As for limitations, it is important to acknowledge that although an intensity effect was observed in the fNIRS signal in the present study, the statistical results when compared to the ERPs were less robust. This could be attributed to the small difference in decibel levels between the stimuli, which may not have been sufficient to produce significant changes in the hemodynamic response. Therefore, future research on intensity-dependent amplitude changes, particularly with fNIRS, is recommended to utilize stimuli with a larger decibel gap to enhance the detectability of the hemodynamic response. Furthermore, it is important to note that the disparity in gender distribution in Experiment 1 may potentially influence the results. It is recommended to consider this factor and ensure a balanced gender representation in future studies to minimize any potential gender-related confounds.

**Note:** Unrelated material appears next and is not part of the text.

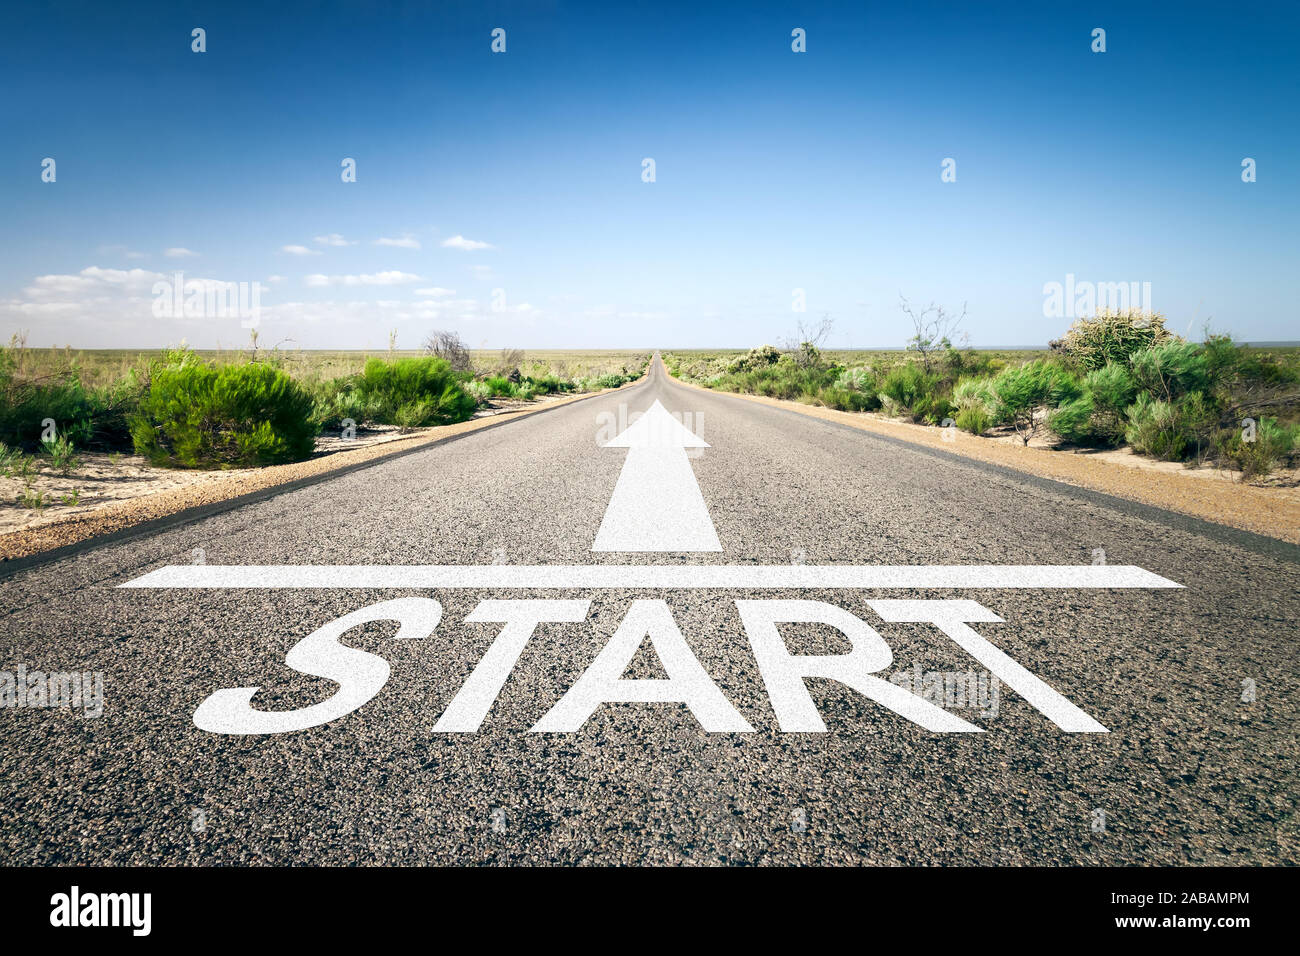 Eine unendlich lange Strasse mit der wegweisenden Aufschrift: "Start" Stock Photo

An important implication of the present study is that the effect of intensity modulation was observed consistently in both the EEG and fNIRS signals, supporting the concept of neurovascular coupling. This coupling suggests that the electrical activity in the brain leads to an increase in arterial blood flow to meet the increased metabolic demands of postsynaptic activation and action potentials. This results in an oversupply of CBF, leading to an increase in HbO concentrations and a decrease in HbR, which can be measured using fNIRS (Attwell et al. 2010; Pinti et al. 2020). Furthermore, the hemodynamic response graphs in the present study show a delay of approximately 4 to 8 s after the onset of the stimulus, which is consistent with previous literature findings (van de Rijt et al. 2018). These results highlight the utility and complementary nature of EEG and fNIRS techniques, with fNIRS providing superior spatial resolution and EEG offering better temporal resolution.

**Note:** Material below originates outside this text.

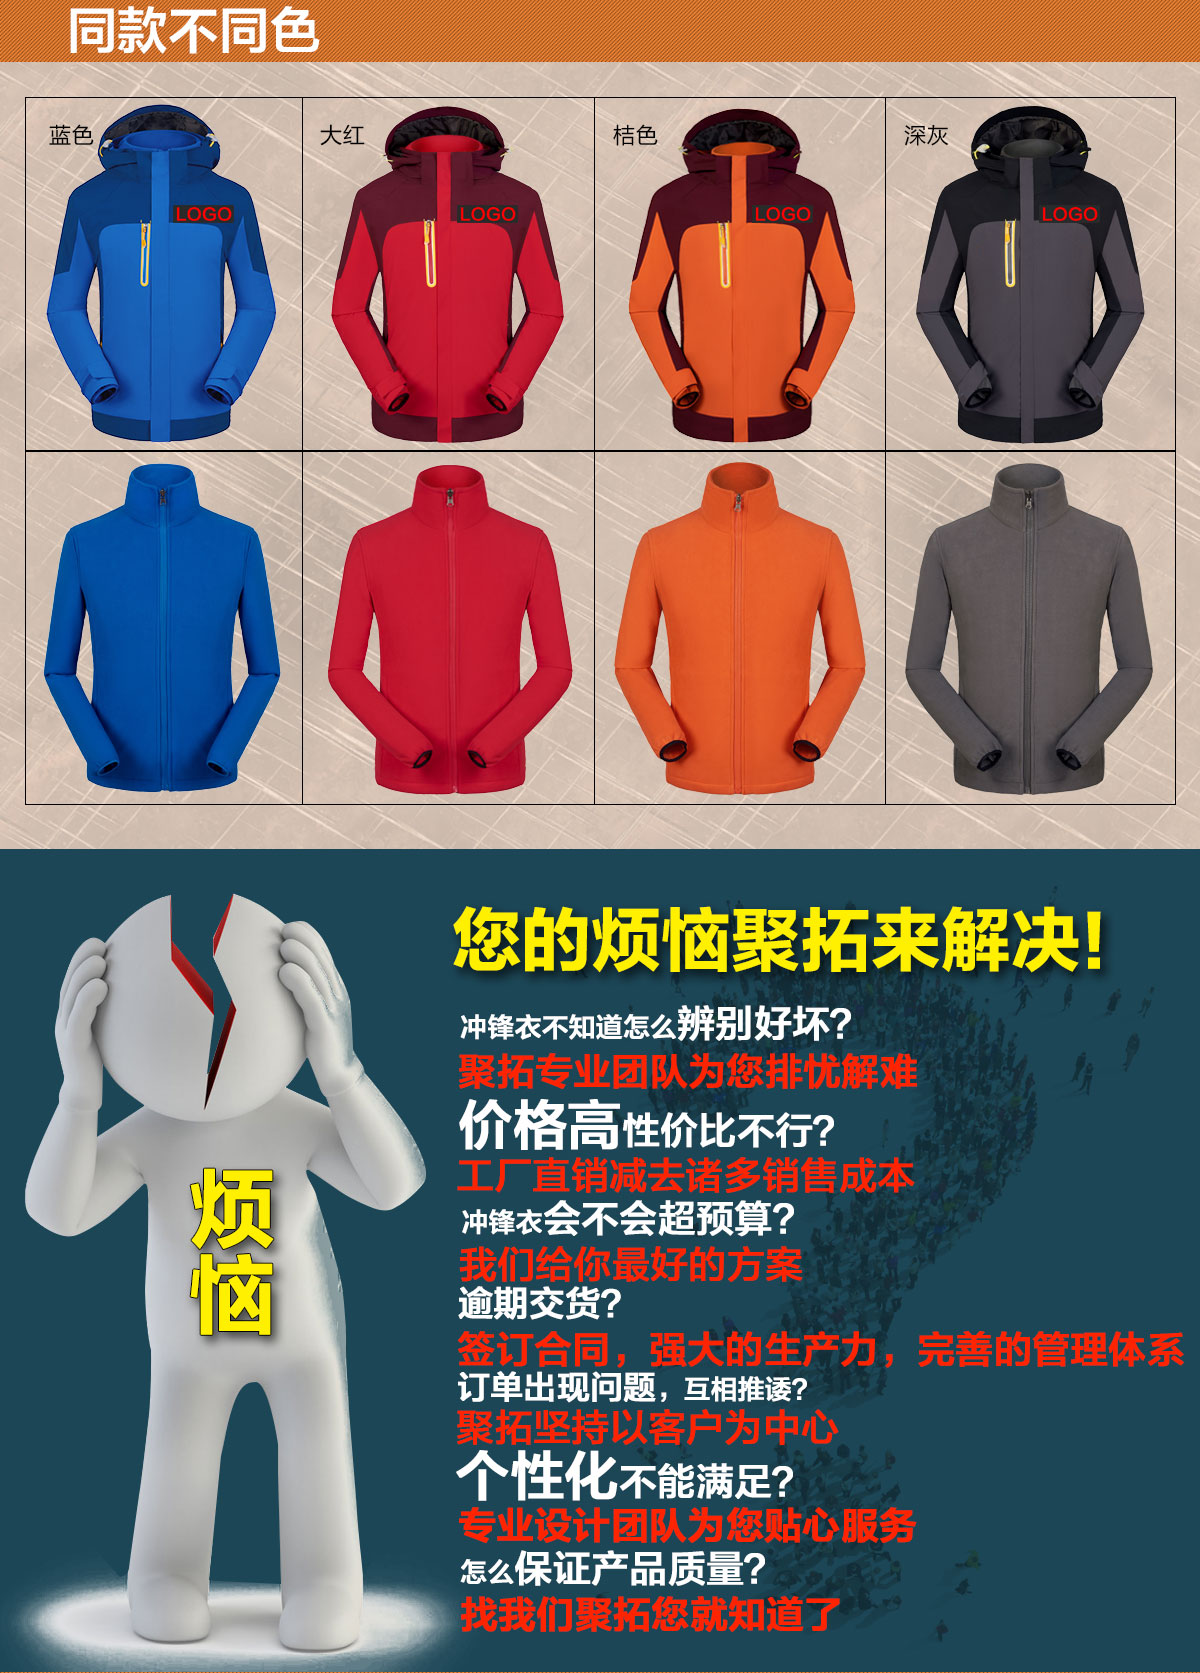 不同颜色的冬季冲锋衣，鹰诺达为您提供高性价比冬季冲锋衣

Finally, taking into account the results of the present study, it could be suggested that fNIRS is a valuable tool for investigating activation and modulation responses to auditory stimuli. Although the statistical approach for fNIRS may be less robust compared to EEG, it offers a higher spatial resolution. Future studies should aim to address the limitations of fNIRS in auditory stimulation paradigms by implementing more effective signal filtering techniques to reduce physiological artifacts and using a wider range of decibel differences in the intensity of auditory stimuli. By addressing these considerations, researchers can enhance the potential of fNIRS for investigating auditory processing in greater detail.

Conclusion

The present study provides evidence for the presence of intensity-dependent responses in the brain, as detected by both EEG and fNIRS, supporting the idea of neurovascular coupling in an auditory paradigm. These results suggest that the simultaneous recording of both EEG and fNIRS would benefit from the good time resolution of EEG, and the space resolution of fNIRS, given that the neurovascular coupling suggests that both signals are functionally related. Overall, this study contributes to our understanding of how electrical and hemodynamic signals work together in auditory paradigms, emphasizing the potential benefits of integrating EEG and fNIRS in future research.